The World Without Us
Author: Alan Weisman
Amazon info
Sometimes I take an unusual perspective with respect to dramatic issues such as global warming, overpopulation, or pollution. I think that it simply doesn't matter. The planet will be fine. Humans will either die off, or possibly evolve into some human/machine mix that is capable of living in the new environment. In either case, with the human population greatly reduced, the planet will recover.
So, I was fascinated to see a book available on this exact topic. I had even seen a book review in some magazine with nice graphics illustrating the time lines. I couldn't wait to read it. Of course, it would take forever to show up in the library, but hey, Molly has a new Kindle that required "testing" :). So, I downloaded the book and started reading.

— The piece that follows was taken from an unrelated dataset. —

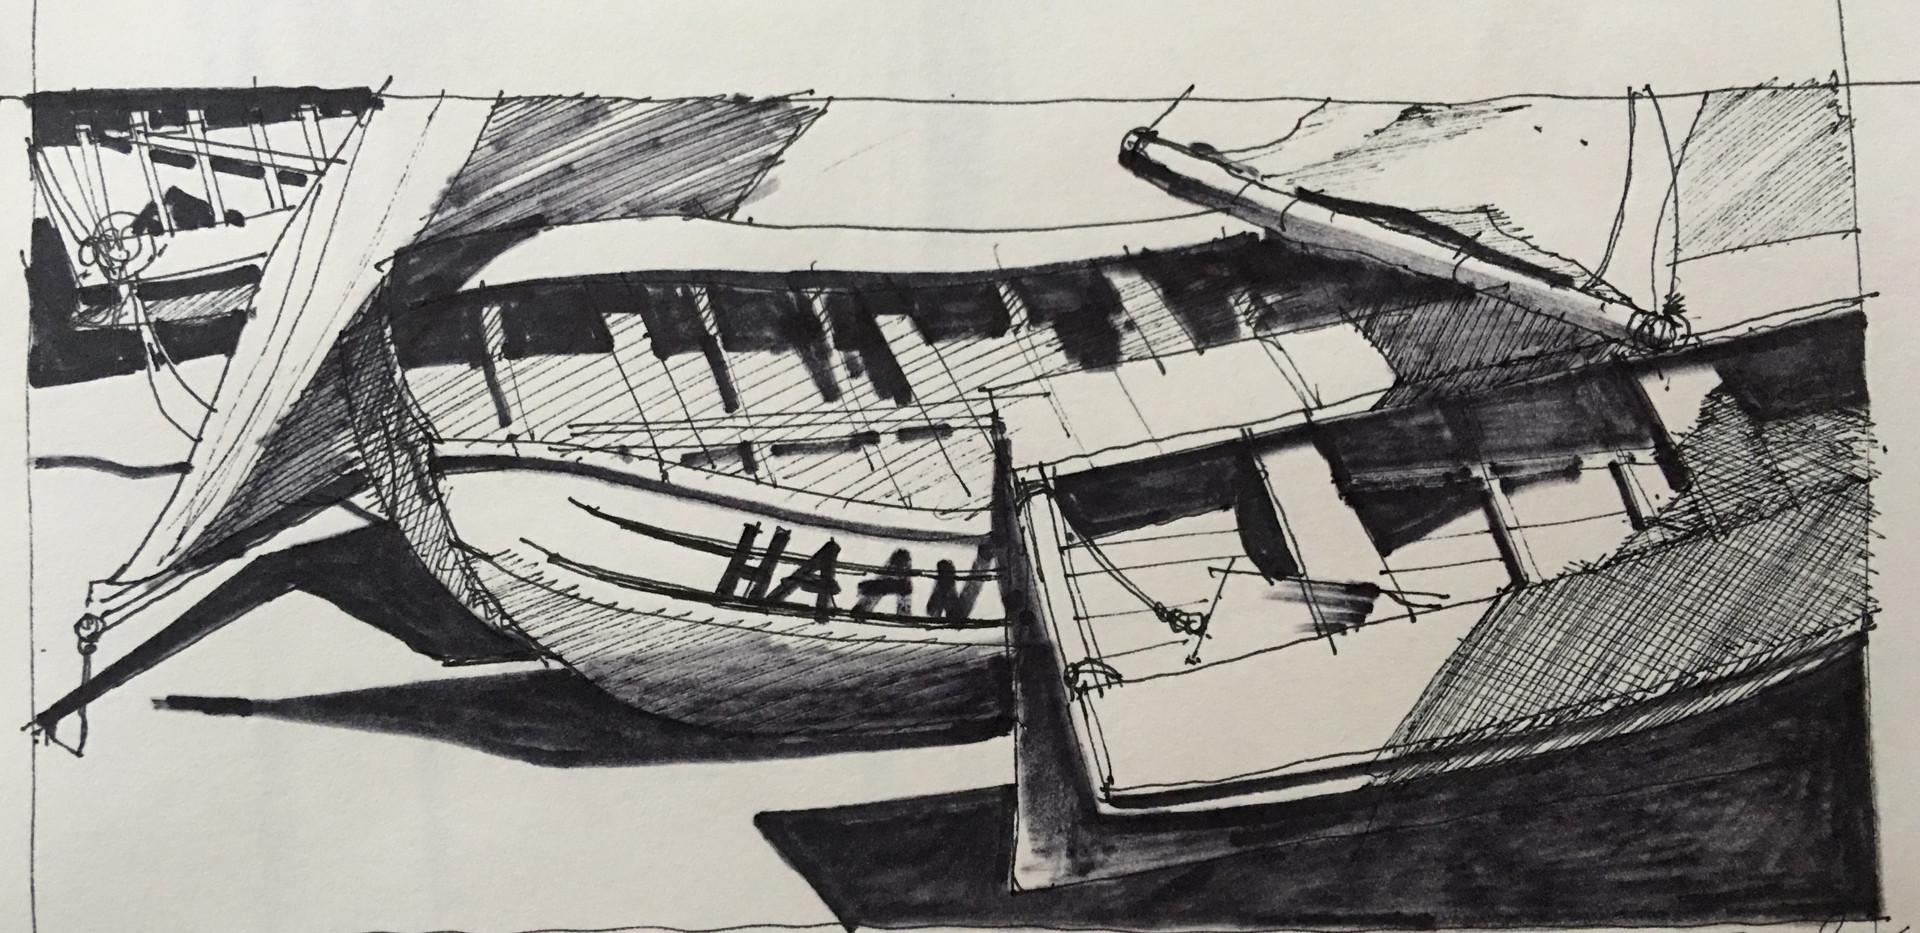 Wood Boat Center #1

Disappointing (but mostly due to high hopes). First, it might have been reading it on the Kindle - which I find works very well for fiction and historical fiction, but I haven't read much non-fiction on it. Or perhaps it was the poor organization of the book. I am guessing the latter. I certainly noticed that most of the paragraphs were written in "mystery form" - a series of teasers with the final answer at the end. For example (making this up) - "Then there emerged the greatest ecological danger that humanity had ever faced.... on and on for five more sentences, until it finally resolves as something like 'plastic bags' ". The book seemed to go on for an overly long time without much coherent structure. At times I felt "lost" as in where am I in the author's train of thought and where are we going.
On the positive side, each of the sections was interesting (if somewhat repetitive) and the scope of the book is admittedly huge. The question pondered is what would happen if one day humans all miraculously disappear. What would fall apart (nearly everything), what would remain (ceramics, bronze, glass, dioxins, nuclear waste), and what would happen. I was expecting a chronological treatment (perhaps misled by the timelines in the magazine article) - and it would be a challenge to do a worldwide timeline. So instead, the author has chapters that cover various topics. There is a chapter on what works of humans survive, there is a chapter on the Korean DMZ (which has been human free for about 50 years), there is a chapter on bronze and how ceramics survive. All in all, lots of useful information (plastic bags turn out to be especially evil) - but perhaps it could have been better organized. Reading it felt like 800 pages, but according to Amazon, the page count is only 336 pages.
Recommended: To those interested in future visions, green reading.